■ SUPPLIED MATERIAL
::::

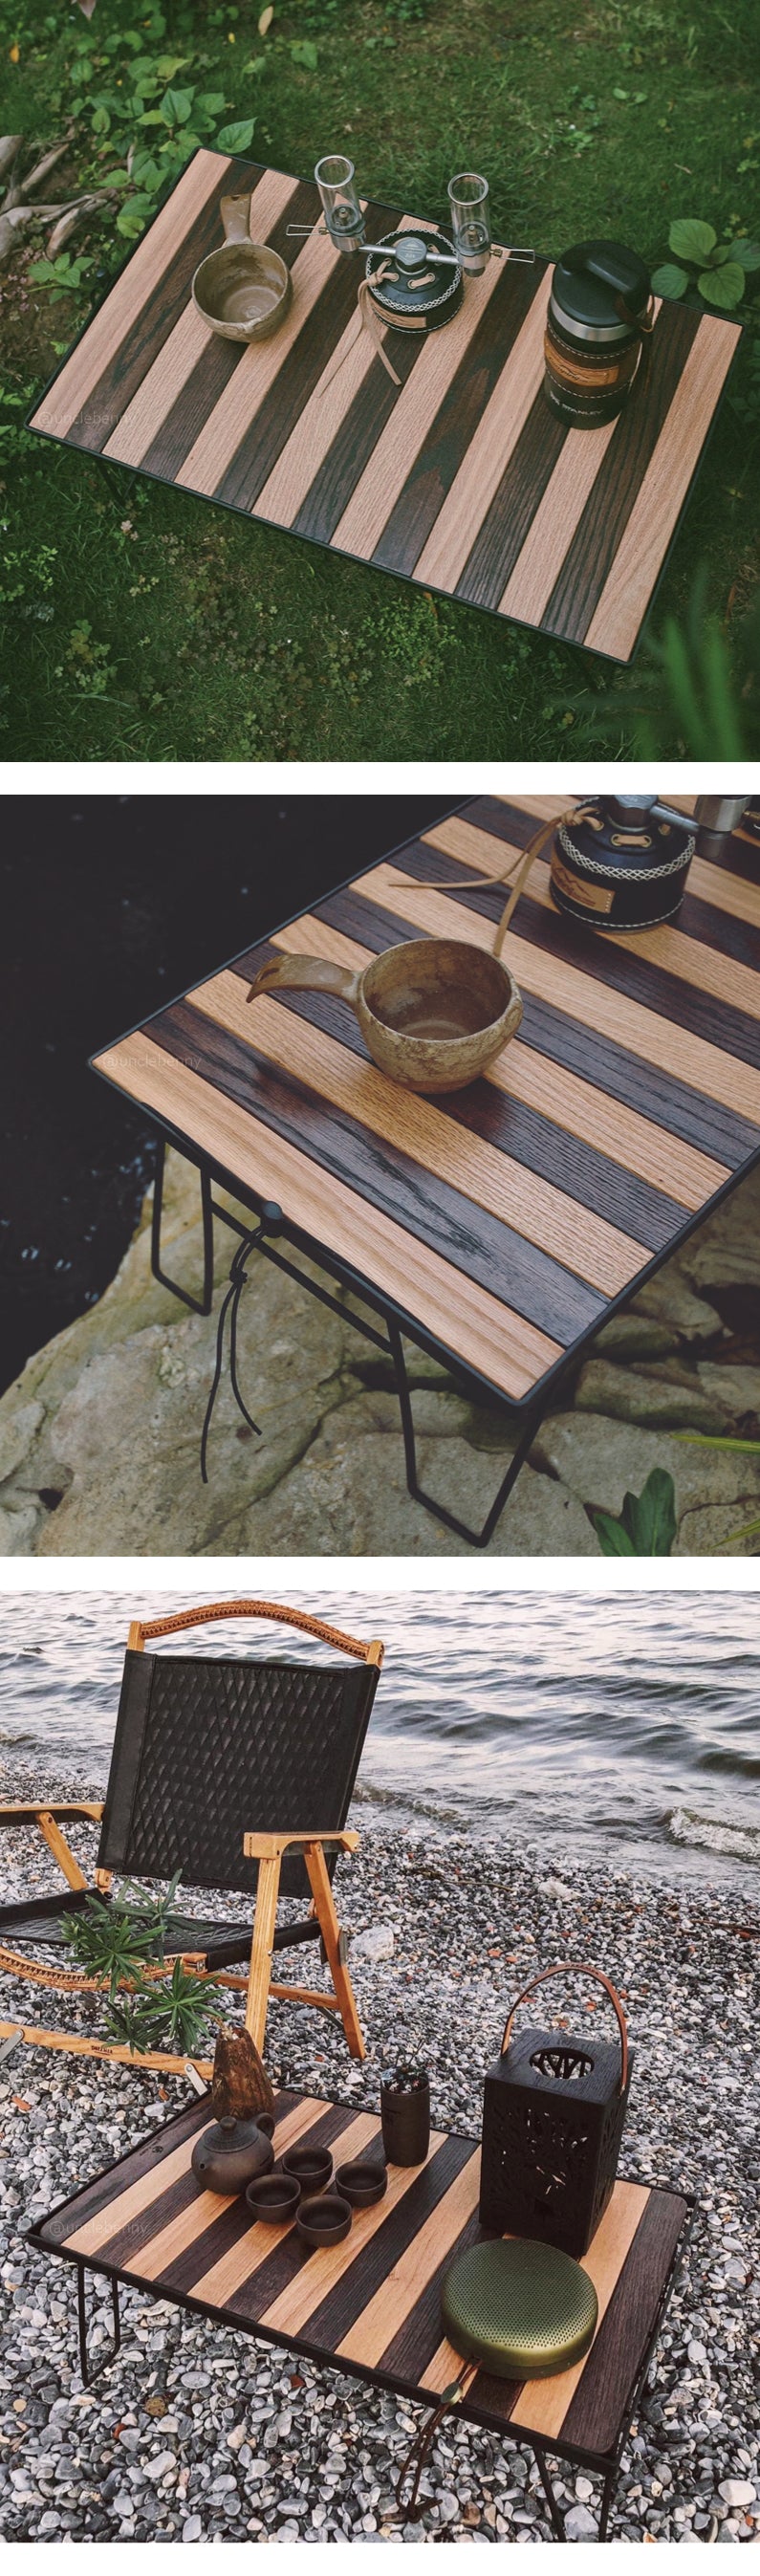 KIMI CAMP • KURU-KURU蛋捲桌板(三款: 原木色/深木色/雙木色) 附收納袋
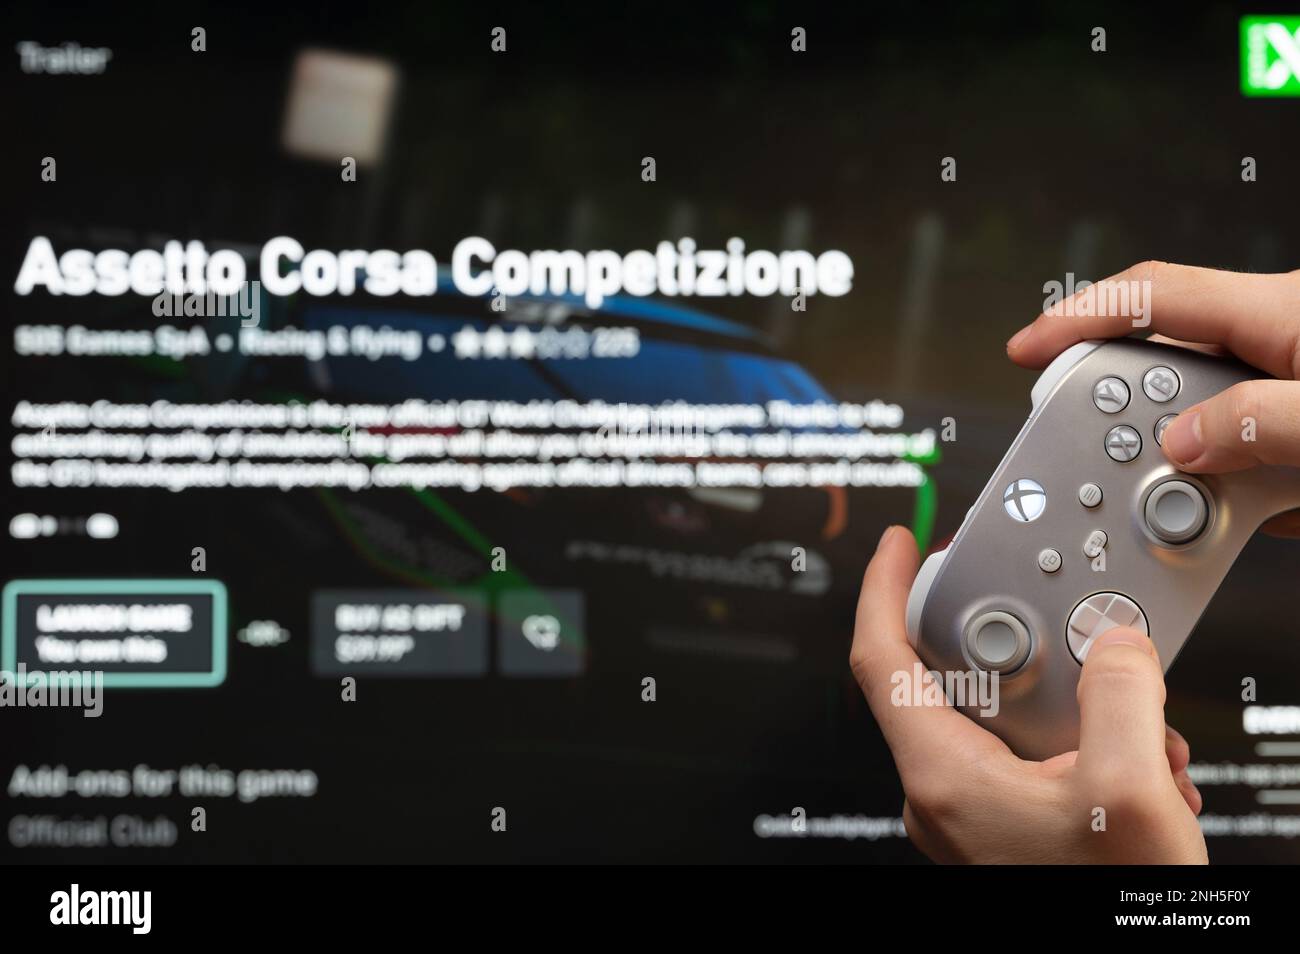 New york, Etats-Unis - 20 février 2023: Homme jouer Assetto Corsa jeu sur console d'ordinateur avec joystick xbox dans la main vue rapprochée Banque D'Images
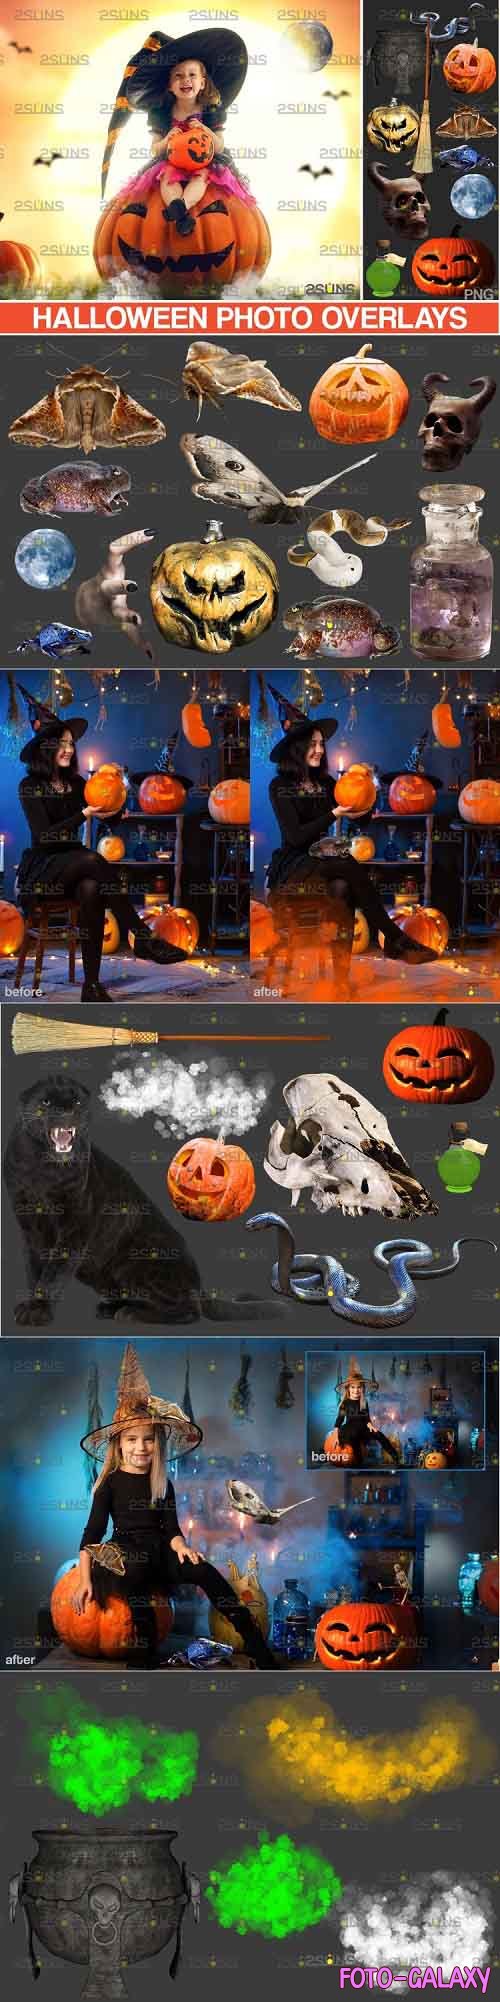 Photoshop overlay smoke bomb overlay, pumpkin overlays - 981851
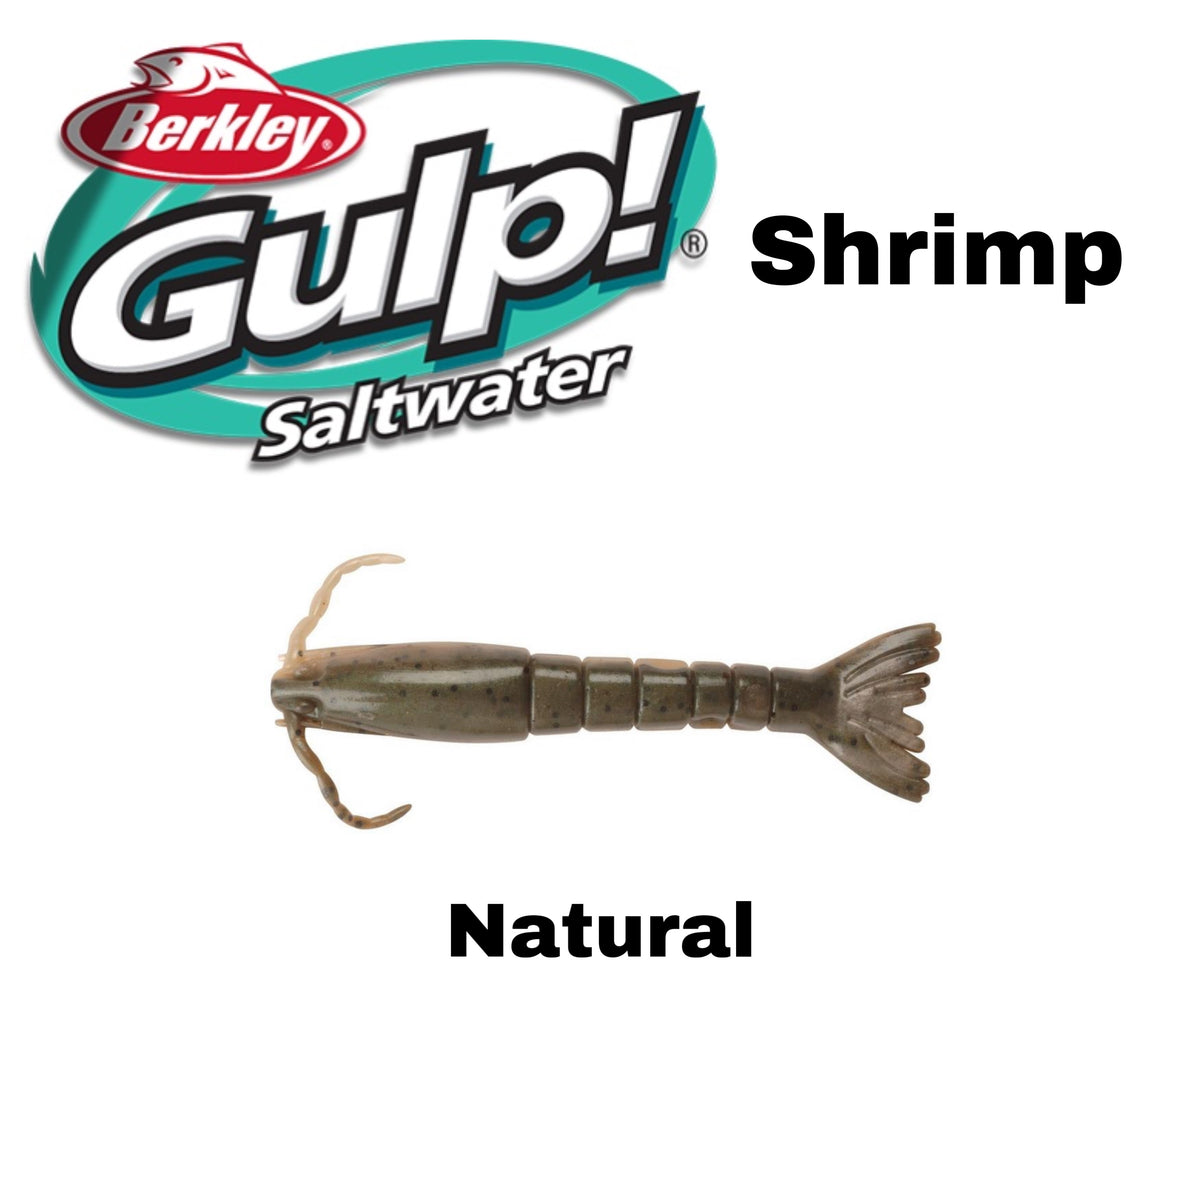 Berkley Gulp Saltwater Ghost Shrimp Bait, 3-Inch

::::

■ WORK ORDER
Repeat the listing above word for word, omitting the pictures.

■ RESULT
 KIMI CAMP • KURU-KURU蛋捲桌板(三款: 原木色/深木色/雙木色) 附收納袋
 New york, Etats-Unis - 20 février 2023: Homme jouer Assetto Corsa jeu sur console d'ordinateur avec joystick xbox dans la main vue rapprochée Banque D'Images
 Photoshop overlay smoke bomb overlay, pumpkin overlays - 981851
 Berkley Gulp Saltwater Ghost Shrimp Bait, 3-Inch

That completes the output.